Author Topic: Fixing Blockland Gamma in Wine: An Exhaustive Tutorial  (Read 797 times)

NOTE: This is a tutorial for proficient users of Linux and the like. Alcoholics Wine connoisseurs, please leave.

DISCLAIMER: No warranty is given as to the working of this. It may cause memory leaks, let hackers in, both of these at once and explode your computer too. That being said, an improperly patched executable shouldn't usually do more than crash.

DISCLAIMER VERSION FOR THE LAWYERS (it's supposed to mean exactly what the one above does): THE TUTORIAL IS PROVIDED "AS IS", WITHOUT WARRANTY OF ANY KIND, EXPRESS OR IMPLIED, INCLUDING BUT NOT LIMITED TO THE WARRANTIES OF MERCHANTABILITY, FITNESS FOR A PARTICULAR PURPOSE AND NONINFRINGEMENT. IN NO EVENT SHALL THE AUTHORS OR COPYRIGHT HOLDERS BE LIABLE FOR ANY CLAIM, DAMAGES OR OTHER LIABILITY, WHETHER IN AN ACTION OF CONTRACT, TORT OR OTHERWISE, ARISING FROM, OUT OF OR IN CONNECTION WITH THE TUTORIAL OR THE USE OR OTHER DEALINGS IN THE TUTORIAL.


Have you ever run Blockland 556 times without reboot just to discover that your screen is now completely white? No? Well, I haven't, too.
I have, however, run it ten times, and that was enough to notice that my screen was now noticeably whiter.
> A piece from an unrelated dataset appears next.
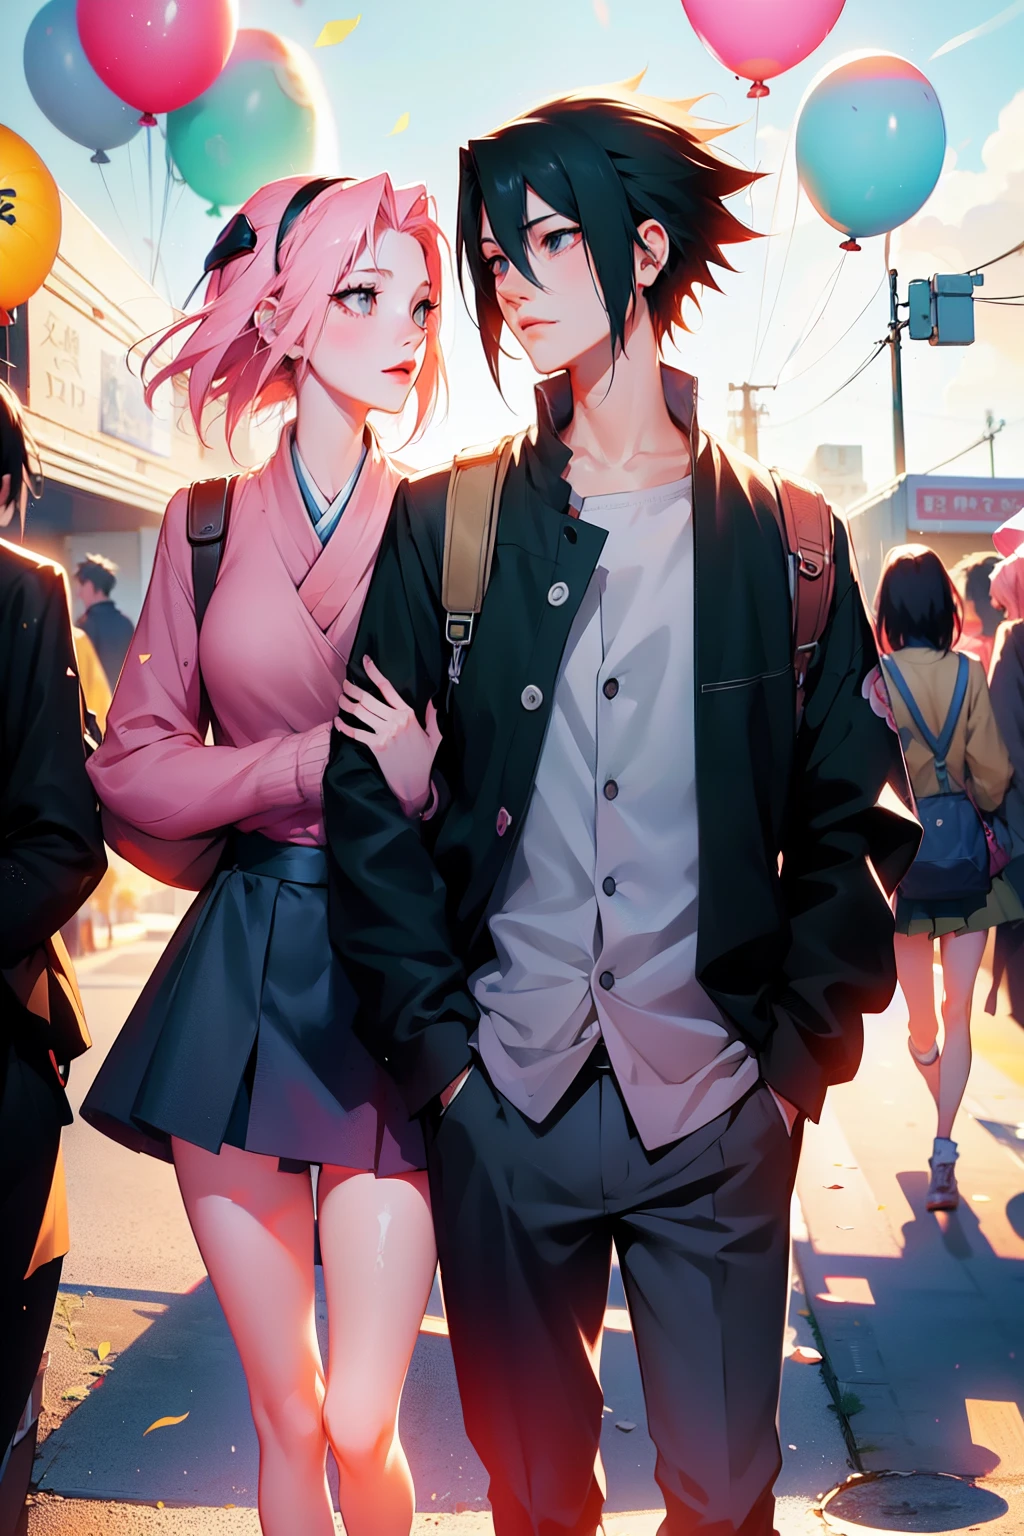 sasusaku. Sasuke Uchiha, a tall man with black hair and wearing his, is a student and has his hands in his pockets. Sakura, a thin woman with pink hair, has her hands in her pockets. best quality, adorable, ultra-detailed, illustration, complex, detailed, extremely detailed, detailed face, soft light, soft focus, perfect face. In love, illustration. two people, couple, festival, balloons, lovers

Further research revealed that my screen had by then its gamma increased by somewhere around 1.8%, a blazing 0.18% per launch. as long as my calculations are right since linux is mad

Now, before I elaborate as to how to fix that quirkyness, mind you a small Better Unasked Questions section...


But what does a rock band/Greek letter/radiation/brain wave type/statistical test/an encoding method have to do with Blockland?
Think of gamma as of a weird sort of brightness. Still not getting it? The tutorial's not for you.

What do you mean by "further research"?
xgamma and xrandr --verbose | grep Gamma.

Aargh! Go away, haxor!
...How about you just reboot every fifth run?


With that out of the way, let's go straight to the fixing.

Please choose the appropriate OS.

Windows and other noncompliant mess non-*nixes
That has the issue too? TIL. Find a random editor capable of modifying a binary without completely destroying it (a hex editor comes to mind) and replace the string "SetDeviceGammaRamp" with "GetDeviceGammaRamp" in C:\Program Files\Blockland\BlocklandLauncher.exe. If you're on 64-bit Windows, instead of Program Files, the folder Blockland is in Program Files (x86). Done.

Linux and other *nixes
Open the command line and run xgamma.
Code: [Select]
xgamma
Change the directory to the one containing the file BlocklandLauncher.exe. The following command should work for you. If it doesn't, it means that either you should know better where that directory is, or you use PlayOnLinux (or similar GUI mess). Don't use that, for it's evil; instead, grab some nice, raw wine-staging and use Wine like your native applications.
Code: [Select]
cd ~/.wine/drive_*/Program\ Files*/Blockland
Now that you're here, run the following command to patch BlocklandLauncher.exe.
Code: [Select]
sed -i 's/SetDeviceGammaRamp/GetDeviceGammaRamp/g' BlocklandLauncher.exe
It should be patched now. Run Blockland, wait for it to start and close it, then run xgamma again.
Code: [Select]
xgamma
If its output is same as the previous one, congratulations. It's fixed.

MacOS
While the recommended route is installing the MacOS version of the game, you may want to use the Windows version in Wine to fix certain issues in the game. In this case, the Linux tutorial should mostly work as intended, it wasn't however tested and may have issues with the command xgamma. In that case, just stare at the darker spots of your screen while the launcher is running.

I believe I actually suffer from this issue but have no idea what all of the above means nor what OS I use
Ask someone you consider competent with computers to apply the above steps for you. Done.


I would have just posted the patched BlocklandLauncher.exe, but that's not only vulnerable to h4xx0rs but also bannable, so enjoy this.

badspot pls fix
« Last Edit: March 17, 2017, 02:32:29 PM by Kikanek »

Wait, so your saying that repeat relaunches of Blockland will increase the gamma of your monitors by a noticeable amount?

I've never noticed anything like that, but I'm interested.

Yep, but I've only so far noticed this behavior with my wine-staging installation on Arch Linux, happened since at least a few versions. It's probably something with Wine interpreting a local gamma change call as one to apply for the whole screen, passing it to X.

Huh, I'd like to see if I can replicate the issue.
That would be spooky if it wasn't just your build.

This only happens with the launcher? Explains why I didn't notice anything.